Mothers should wait at least a year between giving birth and getting pregnant again to reduce health risks to mother and baby, a new study says.
But researchers say they need not wait as long as the 18 months recommended in the current World Health Organization guidelines.
Small gaps between pregnancies risk premature births, smaller babies and infant and mother mortality.
The researchers hope the findings will be “reassuring” for older women.

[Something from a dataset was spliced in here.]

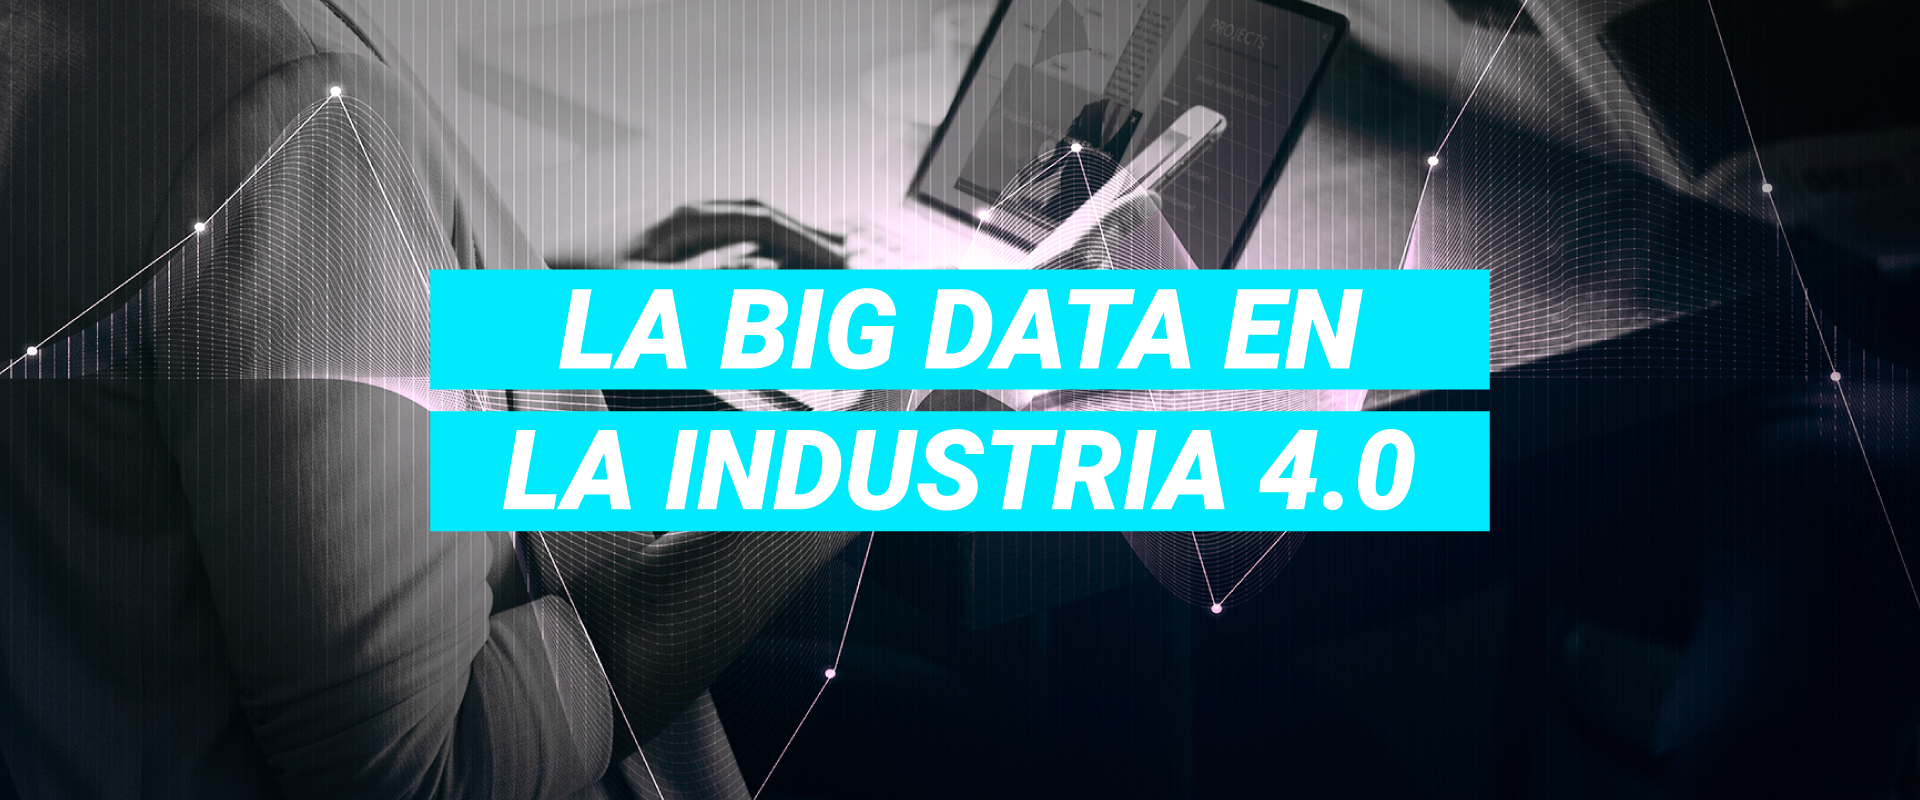 La Big Data en la industria 4.0

Senior study author Dr Wendy Norman said it was “encouraging news” for women over 35 who were planning their families.
“Older mothers for the first time have excellent evidence to guide the spacing of their children,” she said.
“Achieving that optimal one-year interval should be doable for many women and is clearly worthwhile to reduce complication risks.”
The study, of nearly 150,000 births in Canada, by University of British Columbia (UBC) and the Harvard TH Chan School of Public Health is published in JAMA Internal Medicine.
The study found 12-to-18 months was the ideal length of time between giving birth and becoming pregnant again.
Current World Health Organization guidelines recommend an ideal interval of 24 months and no fewer than 18 months.
The researchers also found:
- Getting pregnant less than 12 months after giving birth was associated with risks for women for all ages
- There were risks to the mother only for women over the age of 35, while risks to the infant were found for all women, but were greatest for those aged between 20 and 34
- Women over 35 who conceived six months after a previous birth had a 1.2% risk of maternal mortality or harm (12 cases per 1,000 pregnancies)
- Waiting 18 months between pregnancies reduced the risk to 0.5% (five cases per 1,000)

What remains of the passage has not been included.